Indian cinema's time to shine

Indian cinema's time to shine
PHOTO: Nikkei Asian Review

MUMBAI/SINGAPORE - Indian cinema is making its way to screens around the world and making waves. Bollywood, as the mainstream Hindi-language film industry is popularly known, has produced superstars like Akshay Kumar and Shah Rukh Khan whose paychecks rival -- or even surpass -- those of Hollywood A-listers.

The film industry has also caught Hollywood's eye, with moguls cozying up to their Bollywood counterparts. And while the stereotype of the song-and-dance epic is hard to shake, filmmakers are cultivating a wider audience with more nuanced productions.

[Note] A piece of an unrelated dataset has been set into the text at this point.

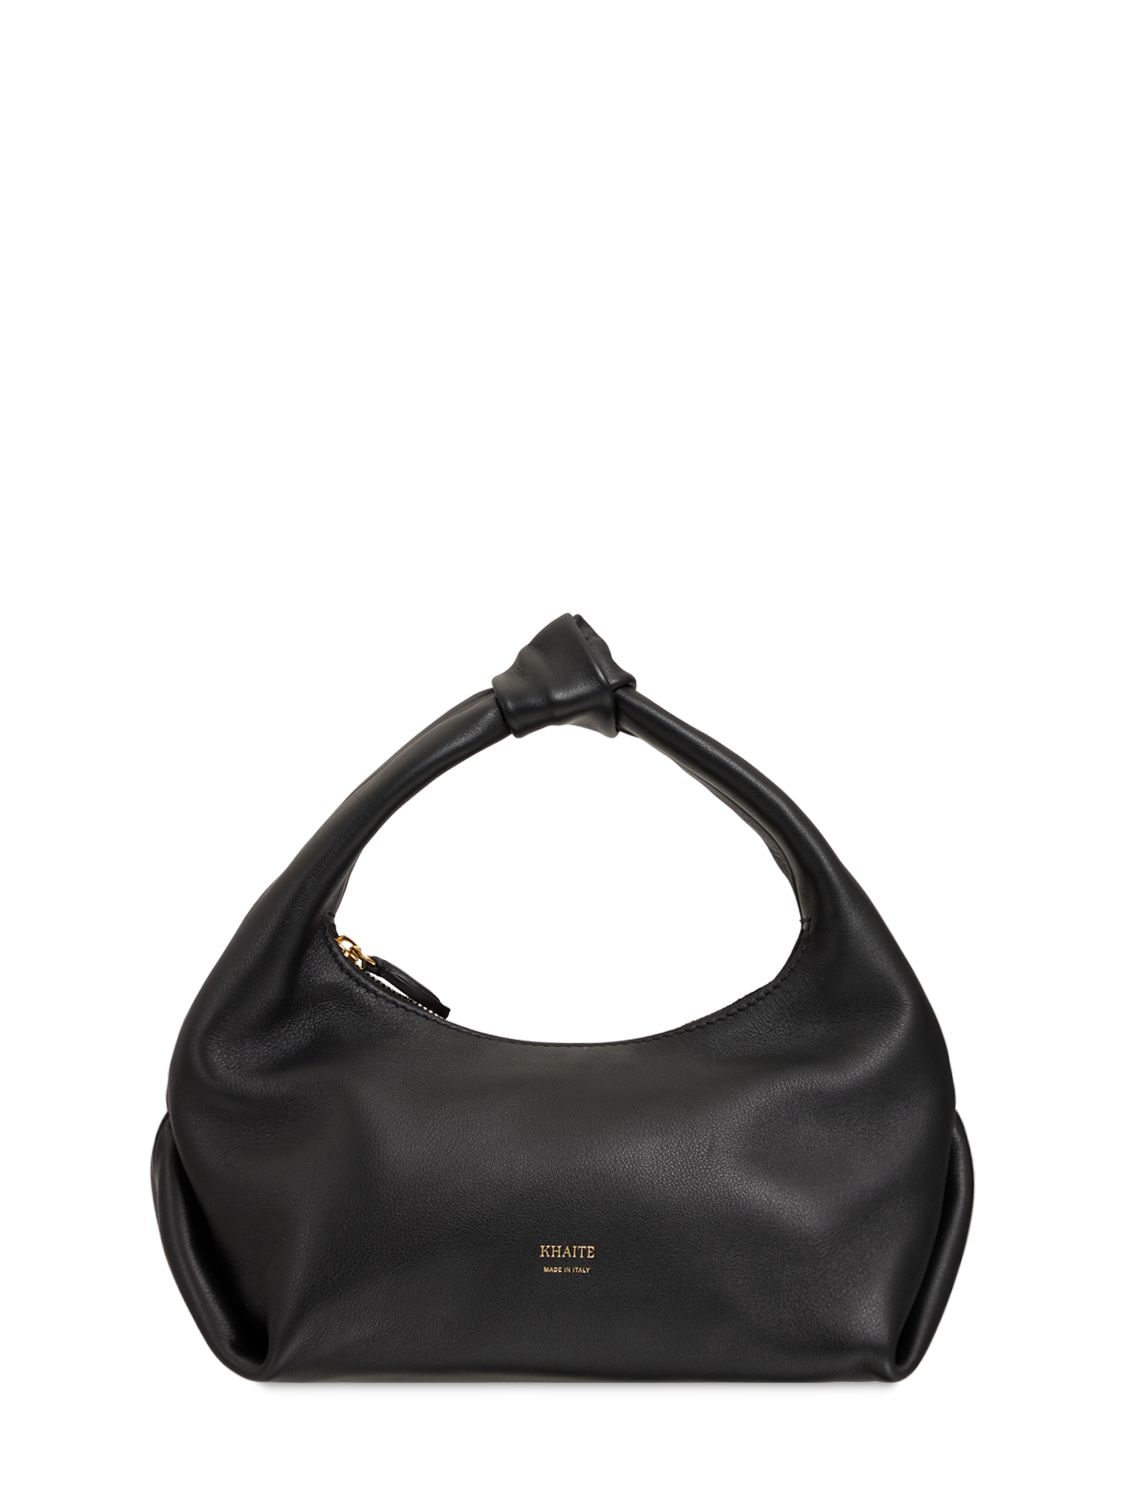 Khaite - Small beatrice smooth leather hobo bag - Black | Luisaviaroma

On a Sunday night in late September, laughter erupted inside a cinema at a shopping mall in central Singapore, where "Kis Kisko Pyaar Karoon," a newly released Hindi-language romantic comedy, was being shown.

Khusbu Tiwari, a 25-year-old legal secretary, comes to the cinema to watch Indian films "almost every other week." Tiwari, whose grandparents hail from northern India, speaks Hindi fluently. "Watching Hindi films helps me relate back to my roots," she said.

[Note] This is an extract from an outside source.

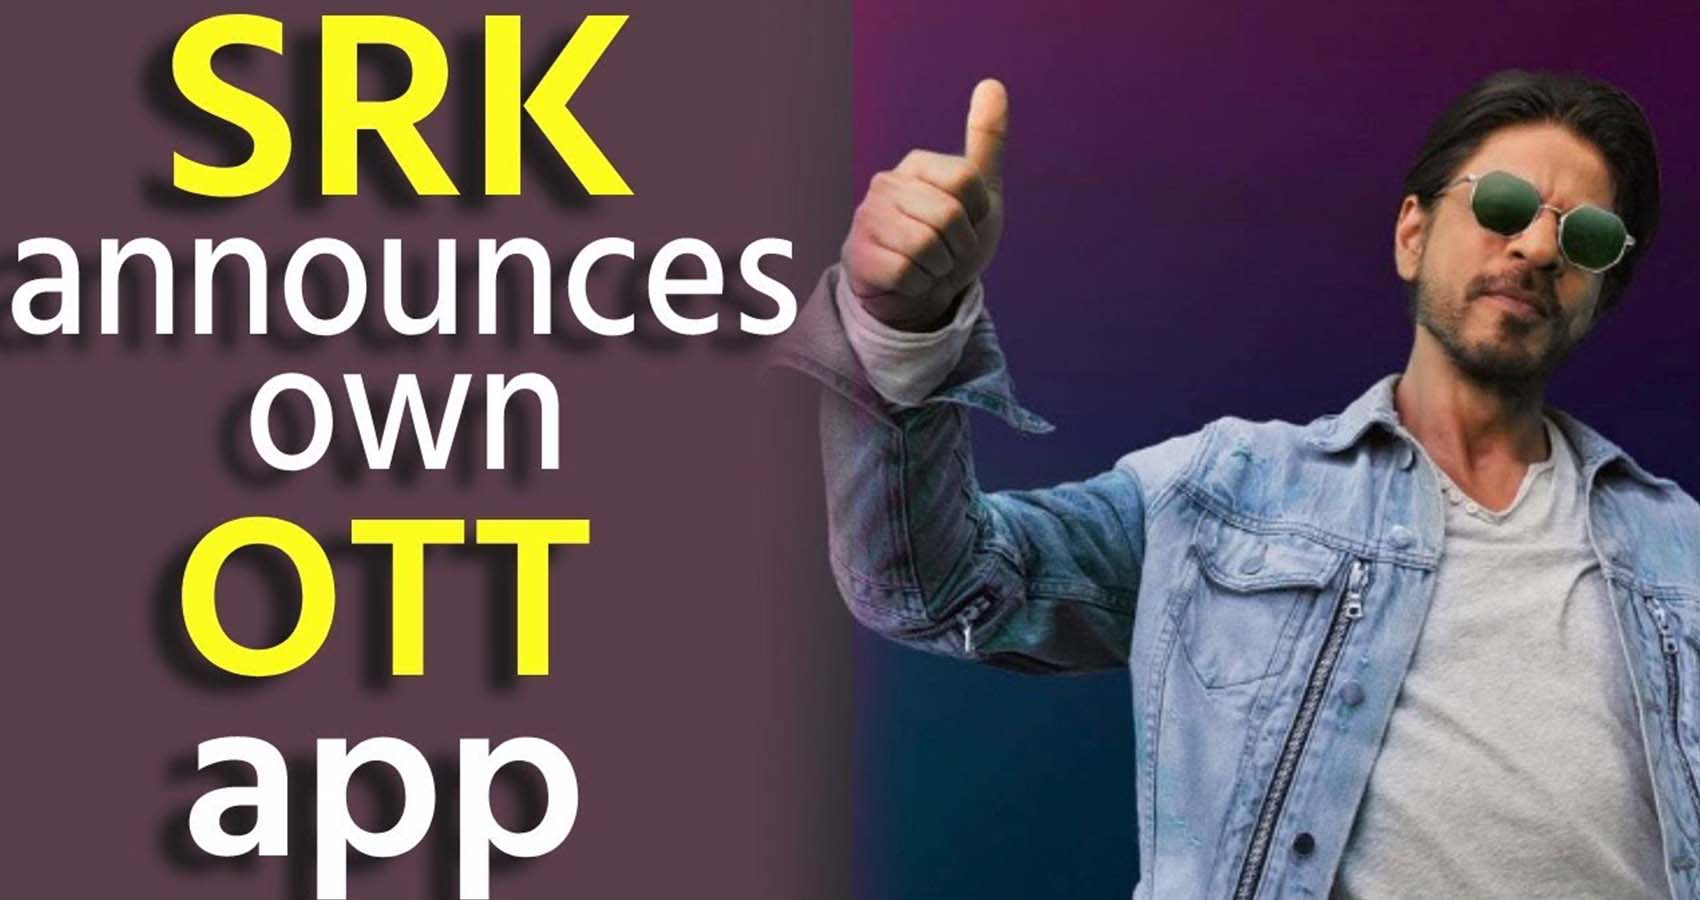 SRK Announces Own OTTAPP

Demand for Indian films is rising as more people from India and neighbouring countries come to Southeast Asia to work. Theater operators are beginning to offer a variety of Indian movies. Singapore's Golden Village Multiplex, which operates 11 cinemas around the city-state, has screened 19 Indian films since the beginning of the year, compared with just three in all of 2014. It began showing Hindi films regularly in 2005, adding Tamil movies in the past few years along with some in Malayalam, another southern Indian language.